Coats of arms of the lordship of Baarsdorp (Heerlijkheid Baarsdorp)

The Lordship of Baarsdorp is a (former) Dutch Lordship situated in the province of Zeeland, in the Netherlands.

== Short history ==
The lordship of Baarsdorp is a Dutch landed estate. Until 1795, a Dutch lordship (Heerlijkheid) was the Dutch version of manorialism; currently, it's an estate on land with a set of remaining manorial rights.
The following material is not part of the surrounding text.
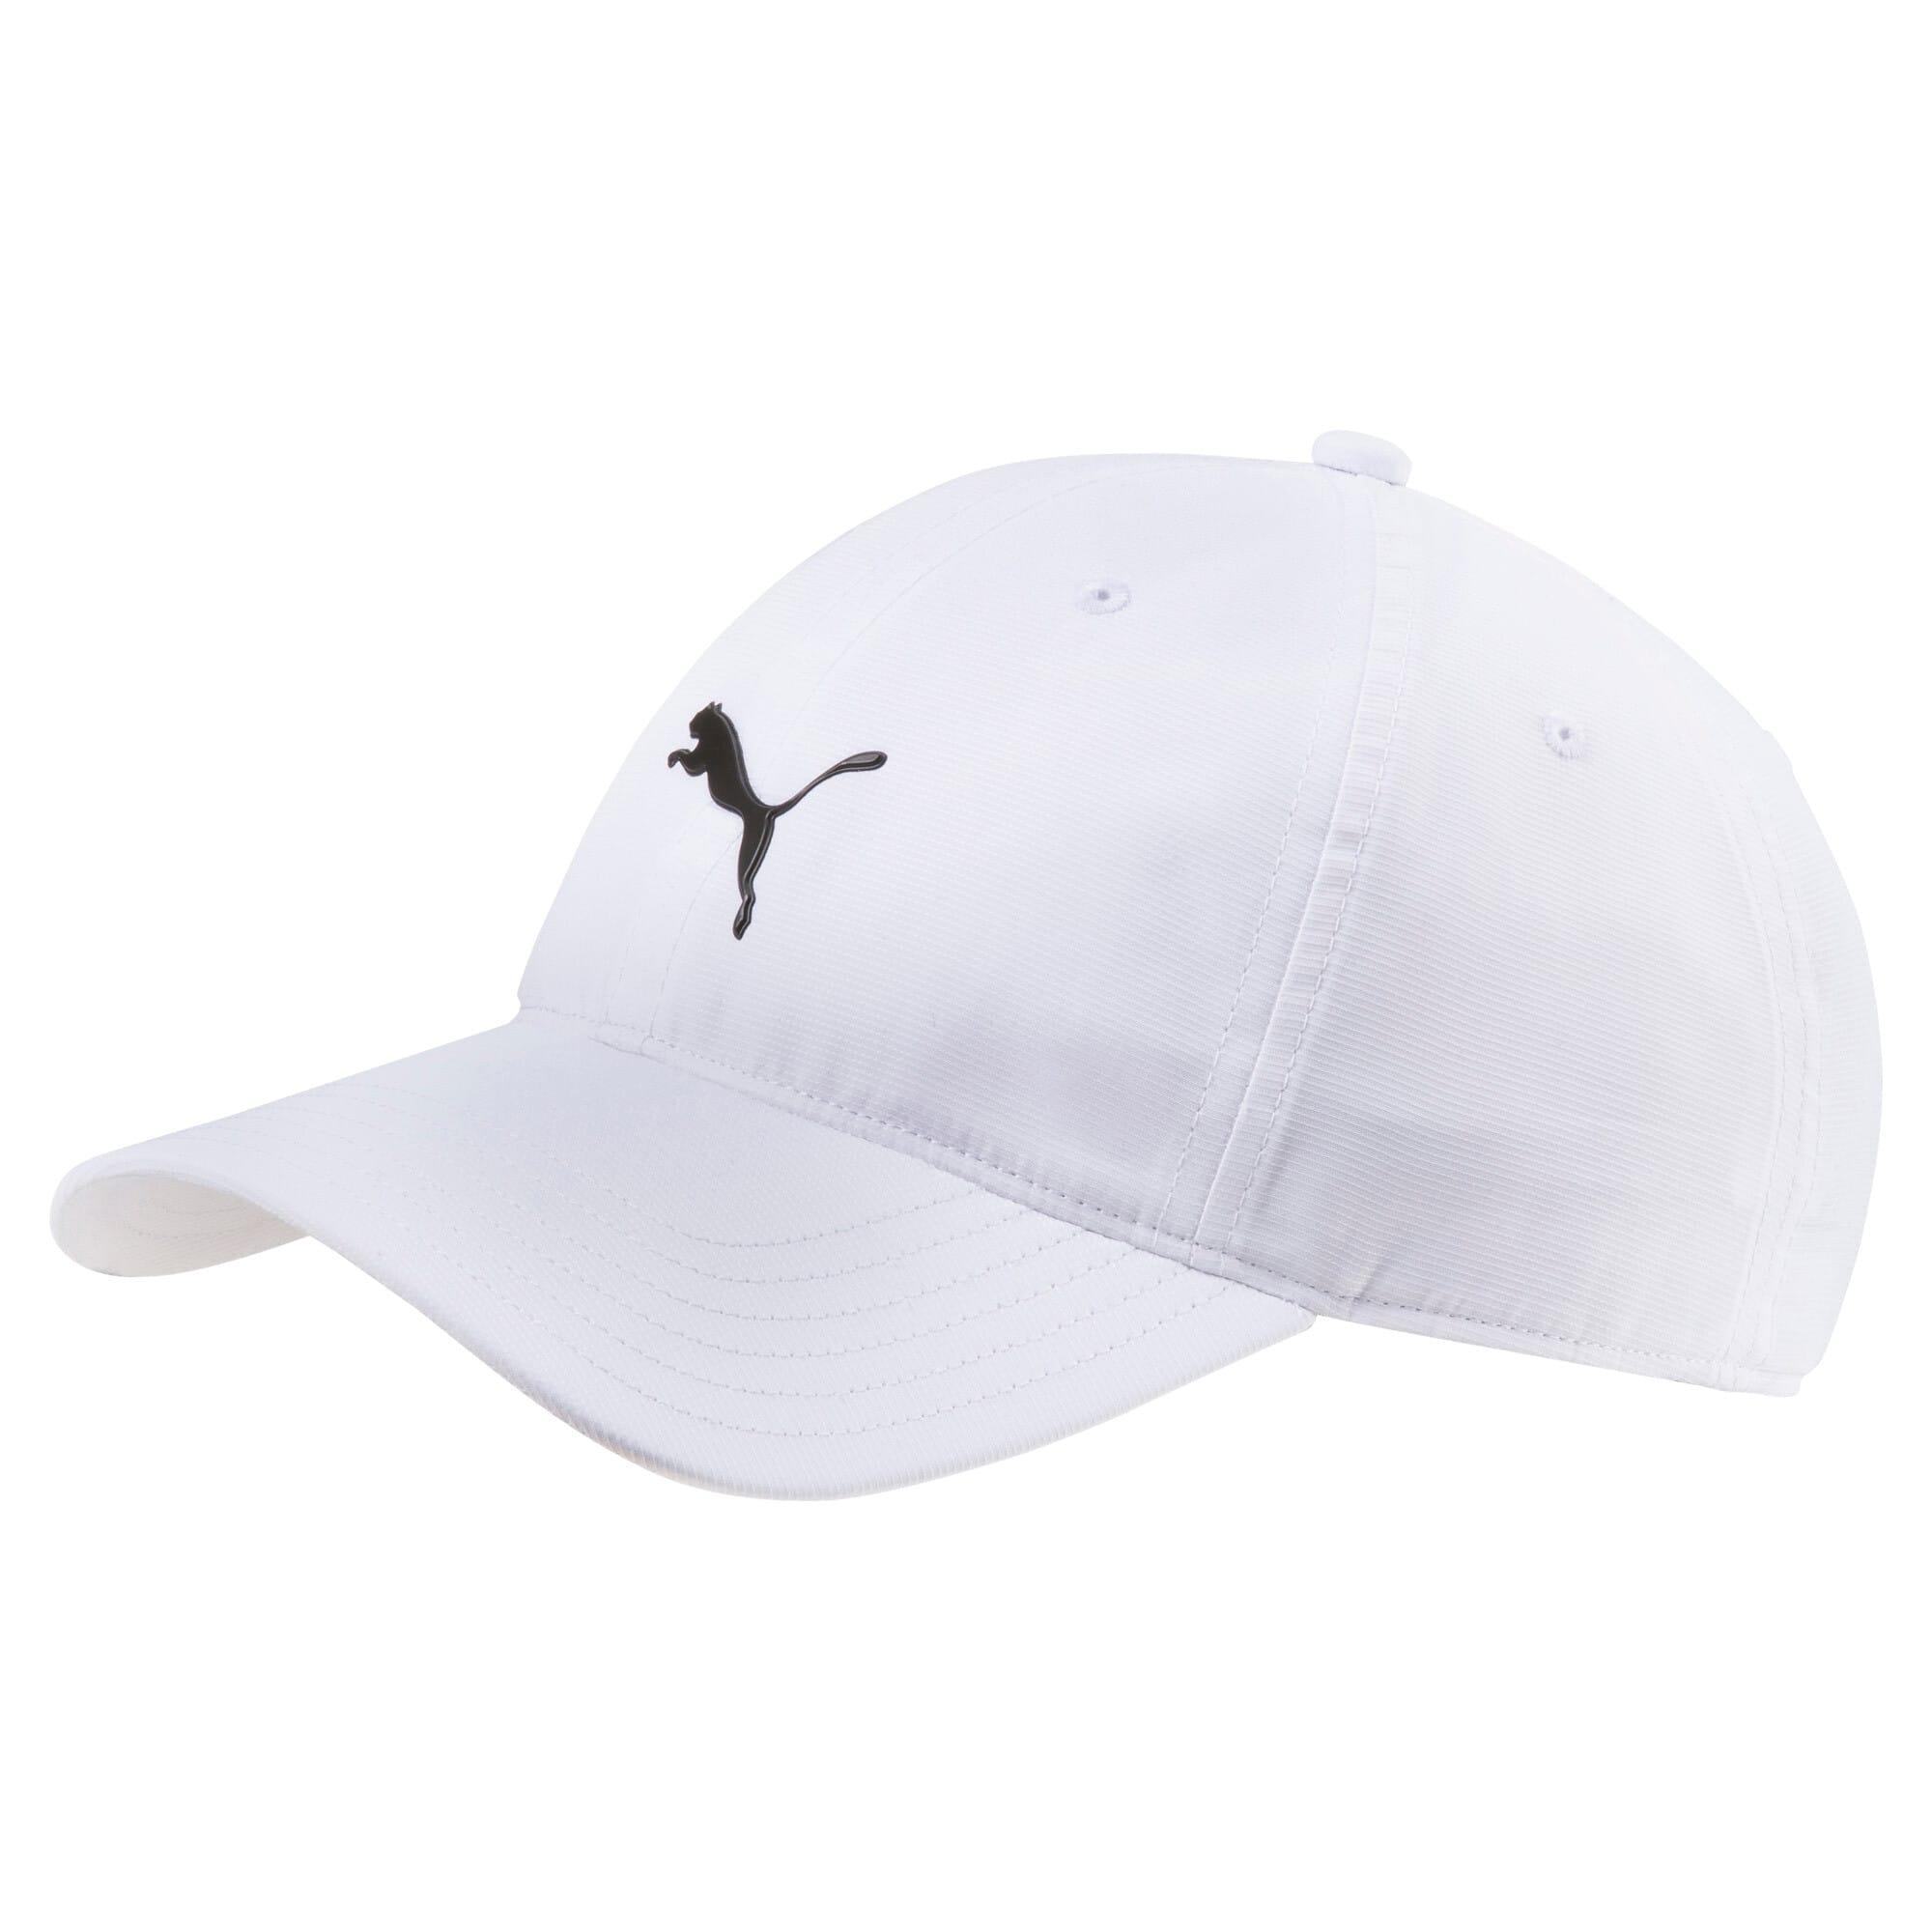 Thumbnail 1 of Golf Men's Pounce Adjustable Cap, Bright White, medium
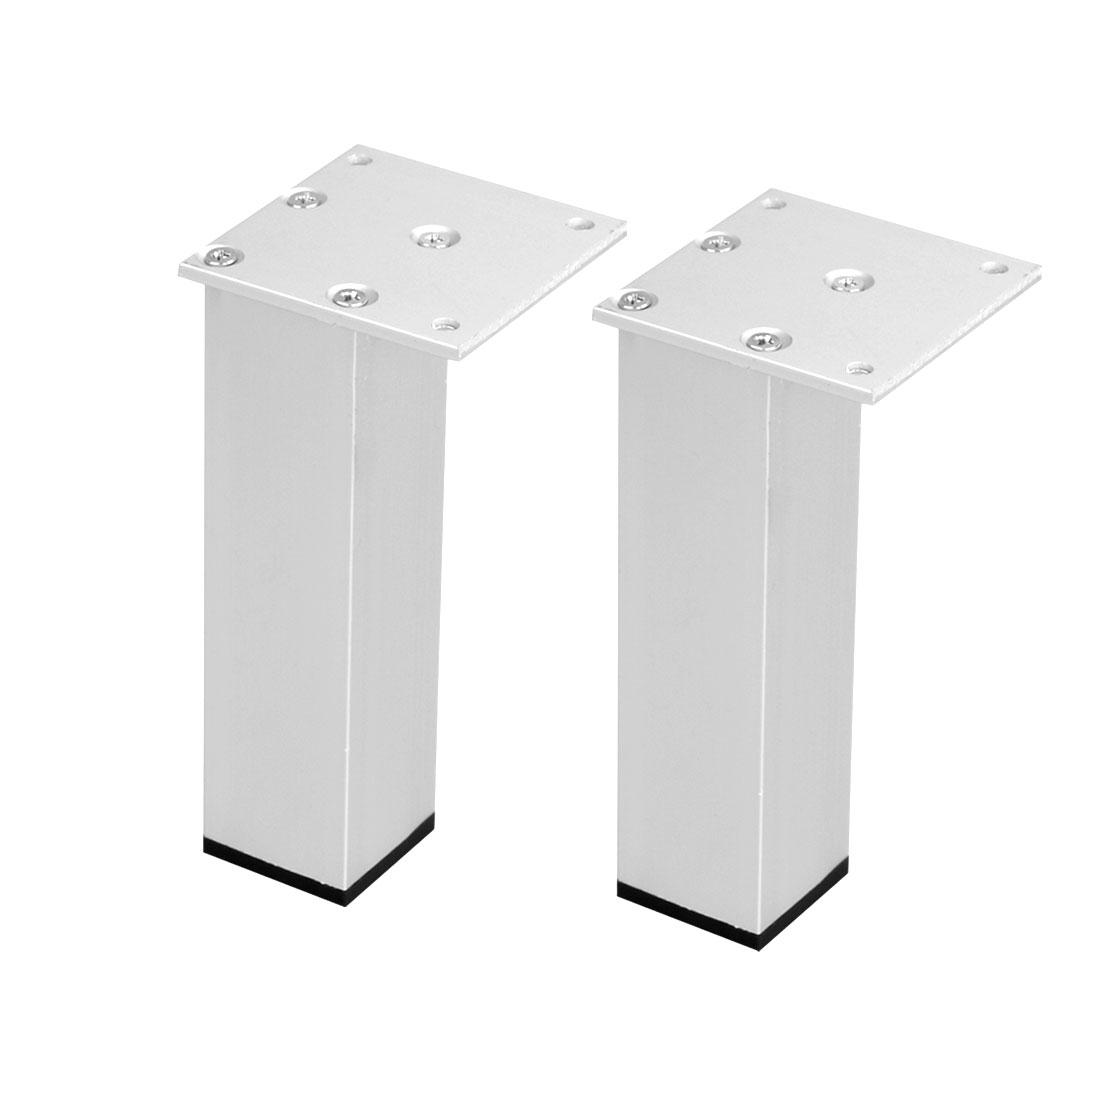 "6"" Furniture Legs Aluminium Alloy Table Feet Replacement Height Adjuster 2pcs"

The lordship of Baarsdorp was founded between 1206 and 1270, the first lords were Lord Petrus de Barsdorpe and his brother, Lord Dankert de Barsdorpe. The de Barsdorpe brothers were members of the Dutch noble family van Borssele, who named themselves after the lordship. The brothers built a castle and a church, which gave the lordship and village of Baarsdorp a more prestigious aura. The lordship of Baarsdorp remained in this family for the next 200 years, until in the fifteenth century the noble family van de Waerde became the owners. From then on, the lordships of Baarsdorp and Sinoutskerke were owned by the same people but never formally merged. A hundred years later, the castle was demolished after being left empty for two decades. In 1846, the lordship of Baarsdorp was owned by seven people.

The manorial rights are still being exercised by the van Huykelom van de Pas family, who are the current owners of the lordship. Baarsdorp is one of the very few remaining lordships in the Netherlands with existing rights attached to it. Among those rights are fishing rights, sheep drifting and the right to plant trees, etc. on the sides of the roads. M.J. van Huykelom van de Pas also uses the title "Lady of Baarsdorp".

== Coat of arms ==
The coat of arms of the lordship of Baarsdorp is mentioned in 1696 in Mattheus Smallegange's “Cronyk van Zeeland” (Chronicle of Zeeland). According to Smallegange, the coat of arms of the lordship of Baarsdorp initially were the coat of arms of a branch of the van Borssele family, and adopted by the lordship after this family died out. Similar coat of arms were later also used by the municipality of Sinoutskerke and Baarsdorp, with permission of the Dutch High Council of Nobility.